The holy grail of the optical modulation/switching is the large change in optical constants, and more specifically the refractive index of active regions in photonic devices. In Figure 2, we have presented real and imaginary parts of the refractive index for some promising chalcogenide-based PCMs, including two promising binary compounds, GeTe and Sb2S3. Ideally, a PCM with a large Δn and a small Δk is desired. As described by the well-known Kramers–Kronig relation, however, the real and imaginary parts of the refractive index are not independently controllable. Thus, the relative ratio of the index change to the loss change (i. e., Δn/Δk) serves as a figure of merit (FOM) for comparing various PCMs. As shown in Figure 2E, for operation in vis, NIR, and telecommunication wavelength (i. e., 1.55 µm), Sb2S3, GeTe, and Ge2Sb2Se4Te1 provide the best FOMs, respectively. We note that such a conclusion is solely made based on the FOM. However, based on the switching speed, for instance, Ge2Sb2Te5 offers a faster response than both Ge2Sb2Se4Te1 and GeTe. Therefore, in the selection of PCM materials, the ultimate application should be considered.

Figure 2:
Figure 2:

Optical constants of popular PCMs for optical applications. (A, C) Refractive index (n), and (B, D) extinction coefficient (k) of several PCMs in amorphous and crystalline states, respectively. (E) The FOM of PCMs listed in panels A–D. Δn and Δk are defined as the relative change of n and k between amorphous and crystalline states. References: GeTe and Ge2Sb2Te5 [86], Ge2Sb2Se4Te1 [127], and Sb2S3 [128].

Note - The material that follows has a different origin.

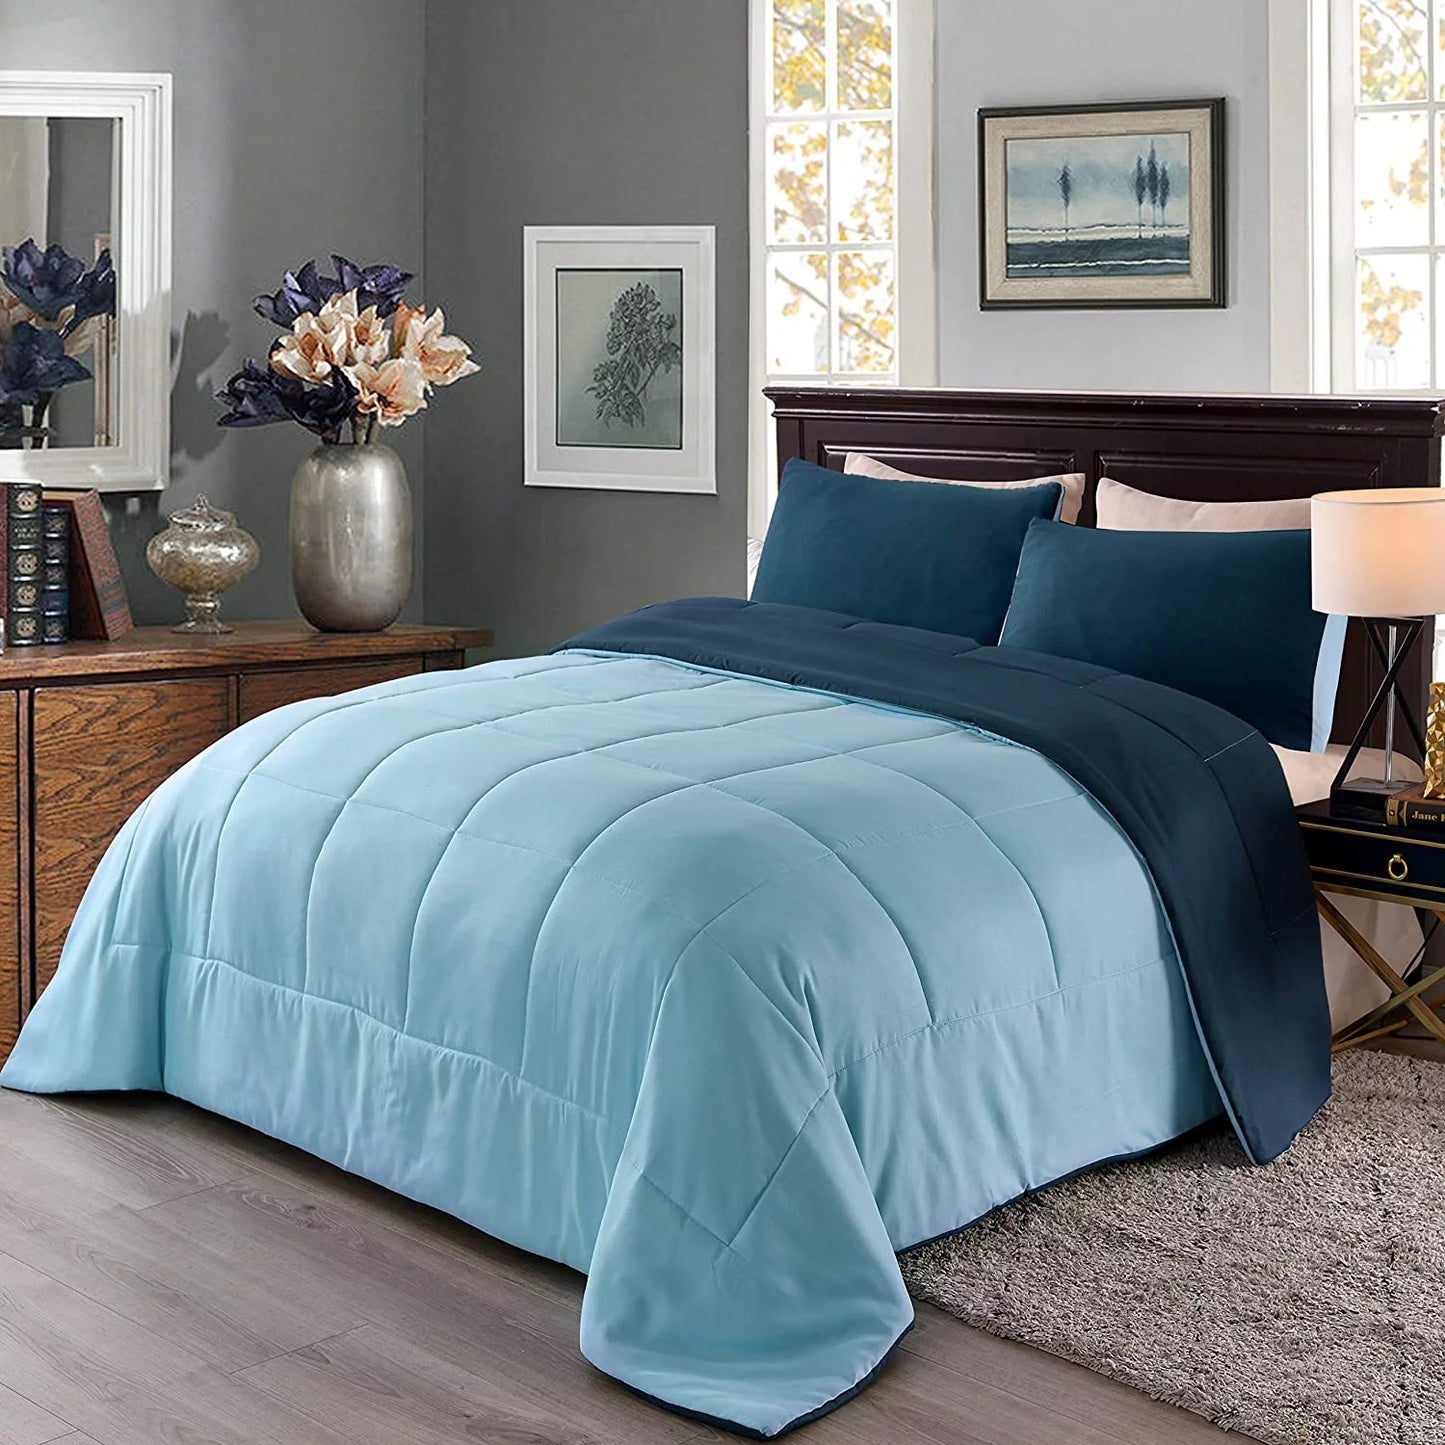 Exclusivo Mezcla Lightweight Reversible 3-Piece Comforter Set All Seasons, Down Alternative Comforter with 2 Pillow Shams, King Size, Navy/ Blue

Citation: Nanophotonics 9, 5; 10.1515/nanoph-2020-0039

We would like to mention that the inclusion of PCM materials in optical device platforms (discussed below) necessitates several fabrication considerations beyond the intrinsic material properties. First, most GST-based PCMs are prone to rapid oxidation upon long ambient exposures. Thus, PCMs are usually capped by a protecting layer (e. g., SiO2, Ta2O5, ZnS, ITO, etc.) that can withstand high-temperature phase switching events as well as fulfill the requirements of conversion stimuli (i. e., electrical vs. optical). Second, in some cases, an irreversible diffusion of metal atoms into PCMs may be expected, which degrades the phase switching behavior in hybrid metal-PCM devices (e. g., plasmonic platforms). Addition of a diffusion-barrier layer or the use of alternative plasmonic metals (e. g., TiN) [130] can fix this issue. We note that the addition of capping/diffusion-barrier layers may affect the details of the phase conversion in PCMs, probably because of modifying the nucleation/growth of crystalline domains as the interfacial energies at amorphous-crystalline, amorphous-capping layer, and the crystalline-capping layer will be modified. Such effects may be behind the reported change of the crystallization temperature following the capping of the Ge2Sb2Te5 alloy with ZnS-SiO2 capping layers [120]. Finally, device architectures should support fast thermal time-constants to allow for the rapid temperature change (109 °C/s) needed for the amorphization via the melt-quenching, a factor that calls for the use of materials with proper thermal coefficients (e. g., thermal conductance, heat capacitance, etc.).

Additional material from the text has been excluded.